## What to work on:
Exact copy, pictures excluded: set down only the lines from the one with "El Monte Lamp by Lawson-Fenning For Sale" through the end of the entries, keeping both end lines.

## Dataset excerpts:
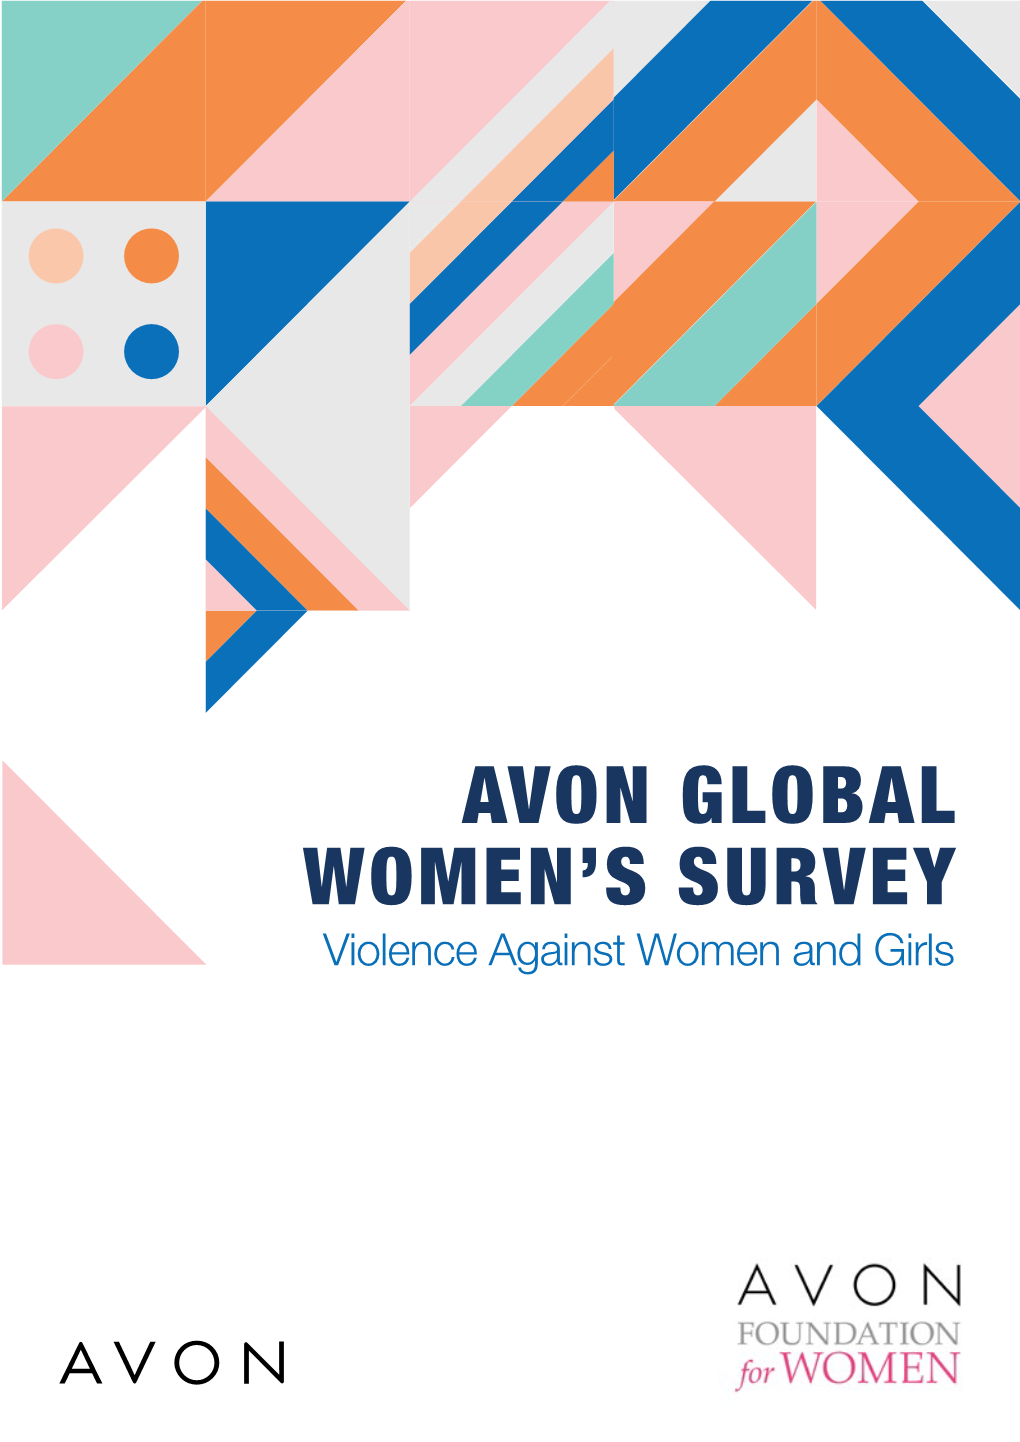 Avon Global Women's Survey
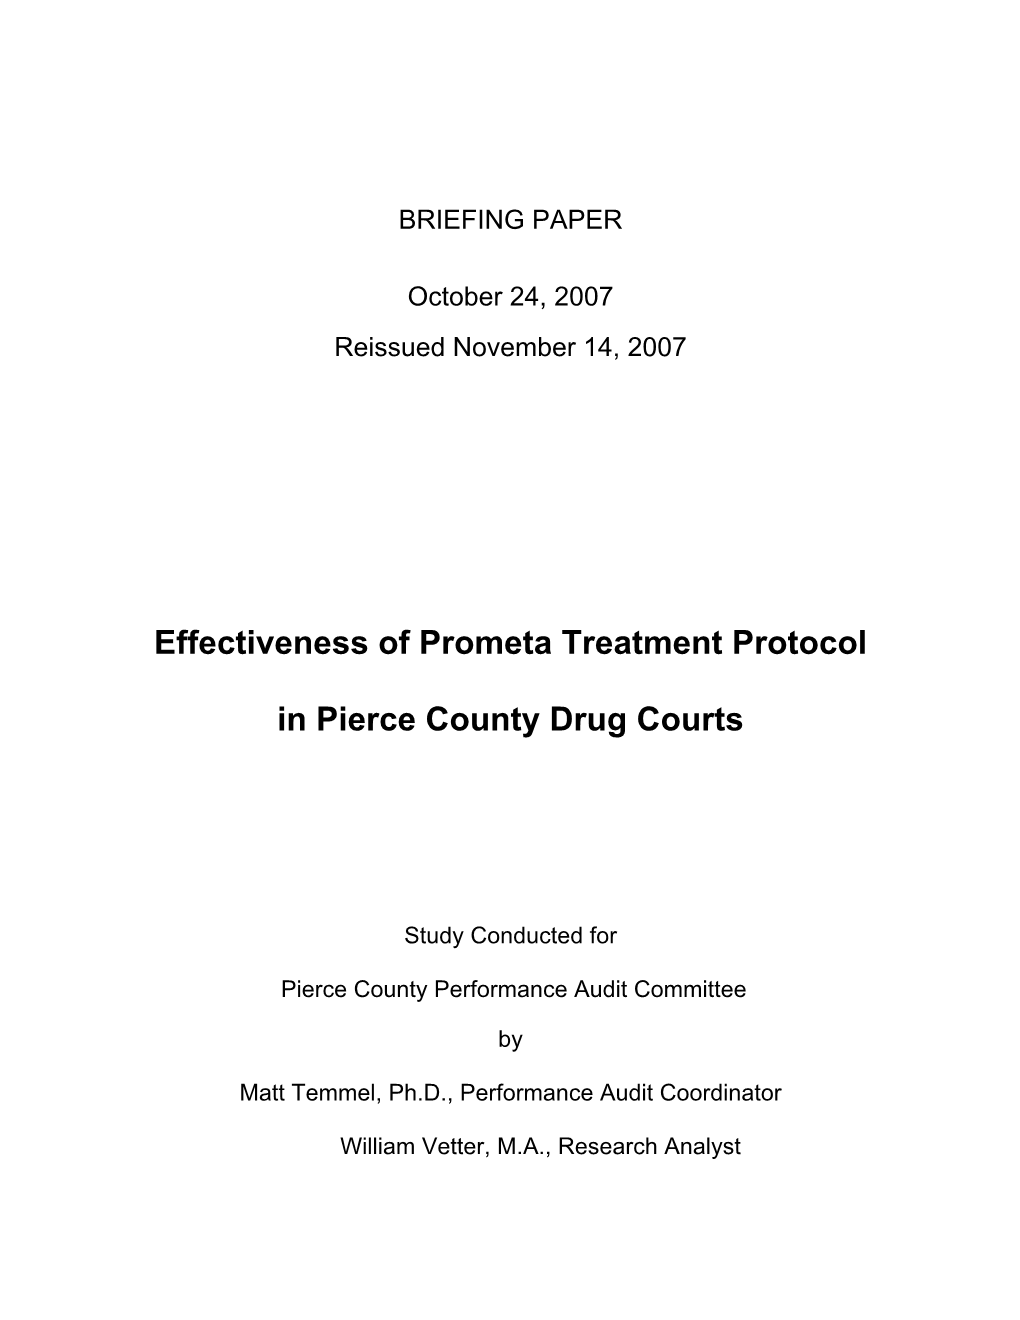 Effectiveness of Prometa Treatment Protocol in Pierce County Drug Courts
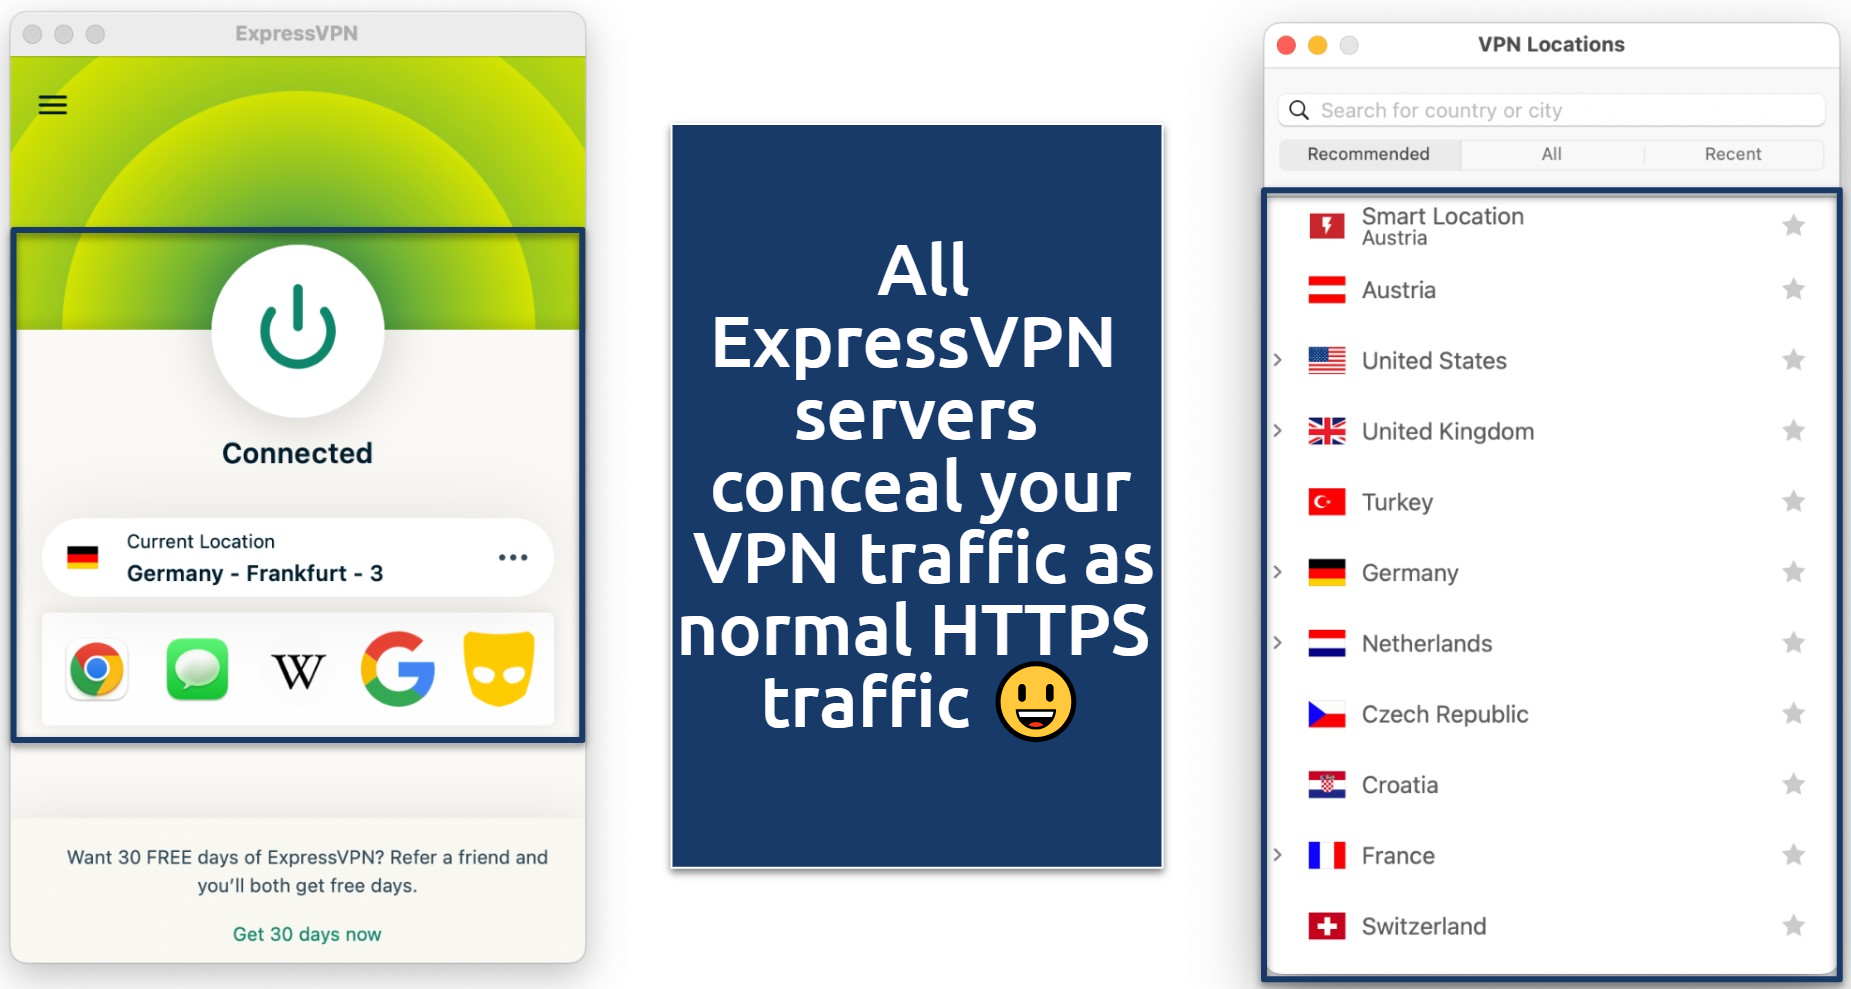 Screenshot of ExpressVPN connected to a Germany - Frankfurt - 3 server
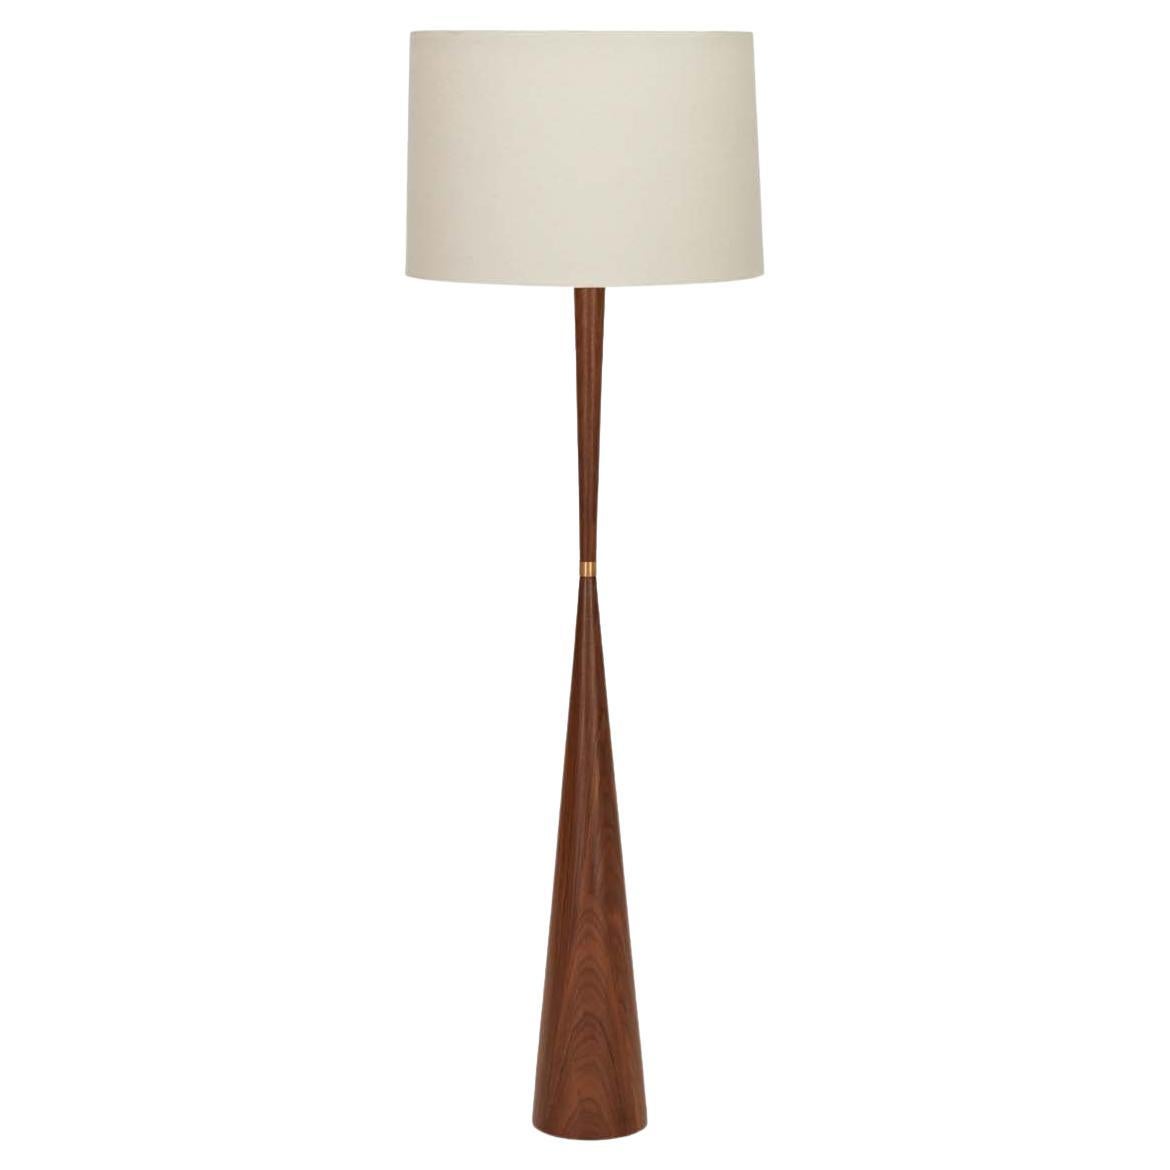 El Monte Lamp by Lawson-Fenning For Sale
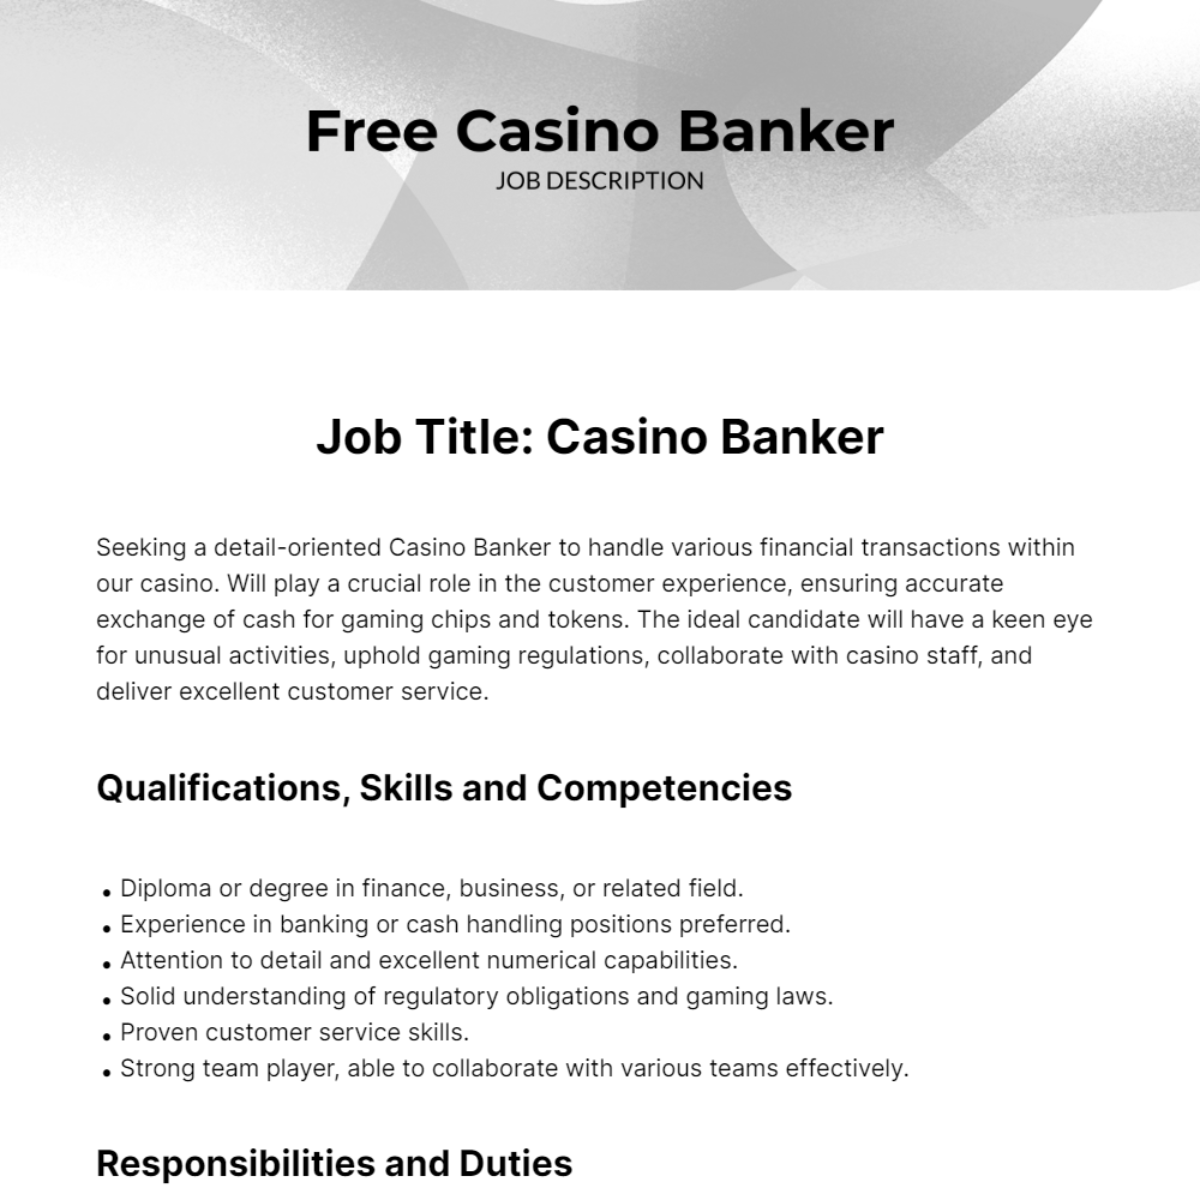 Free Casino Banker Job Description Template
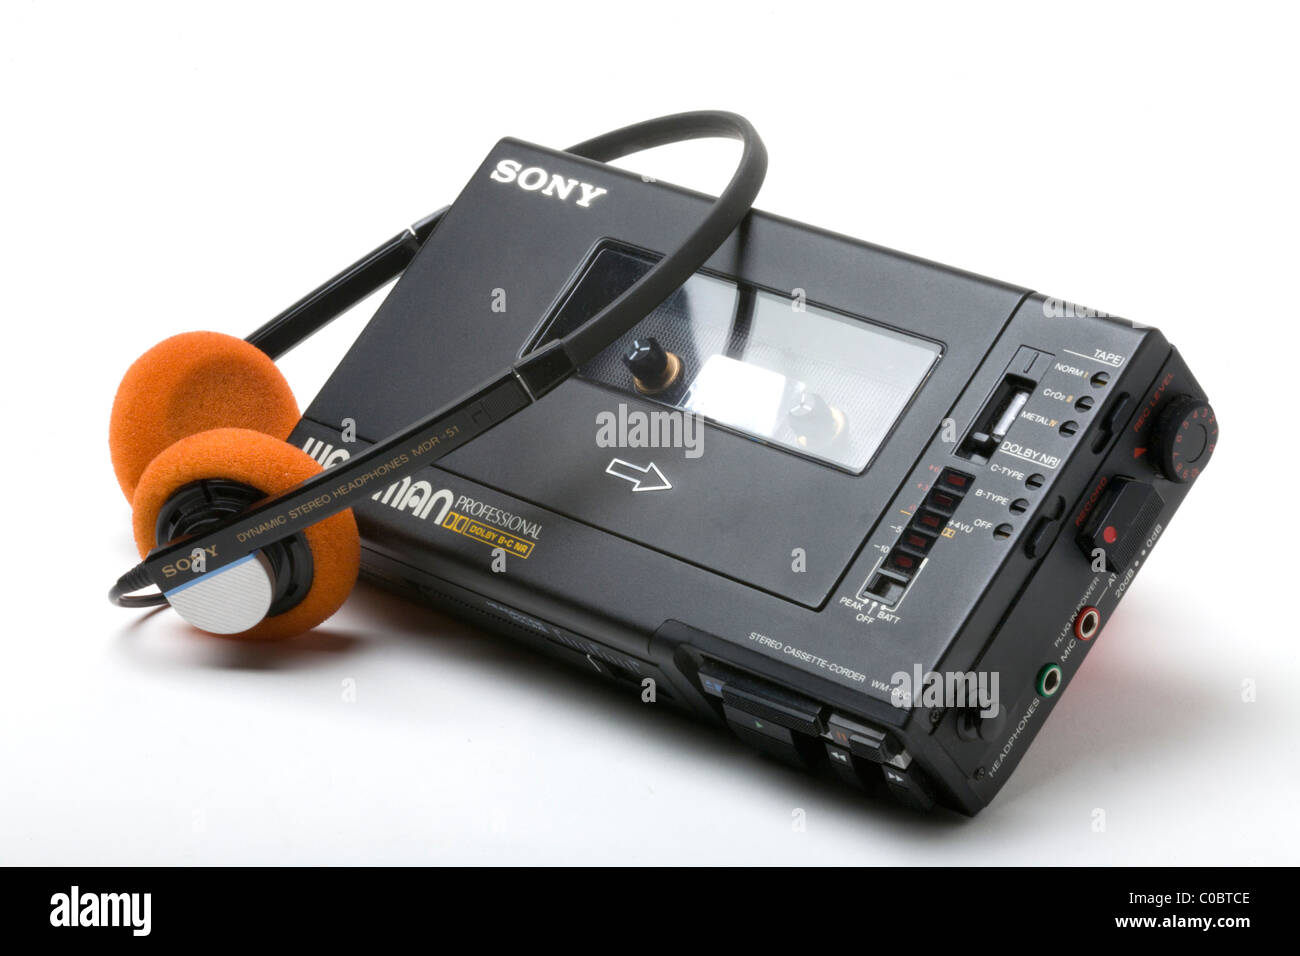 Sony Walkman persönliche Stereo Cassette Player Walkman Professional Recorder D6C Stockfoto

## Answer for the task:
 El Monte Lamp by Lawson-Fenning For Sale
 Free Casino Banker Job Description Template
 Sony Walkman persönliche Stereo Cassette Player Walkman Professional Recorder D6C Stockfoto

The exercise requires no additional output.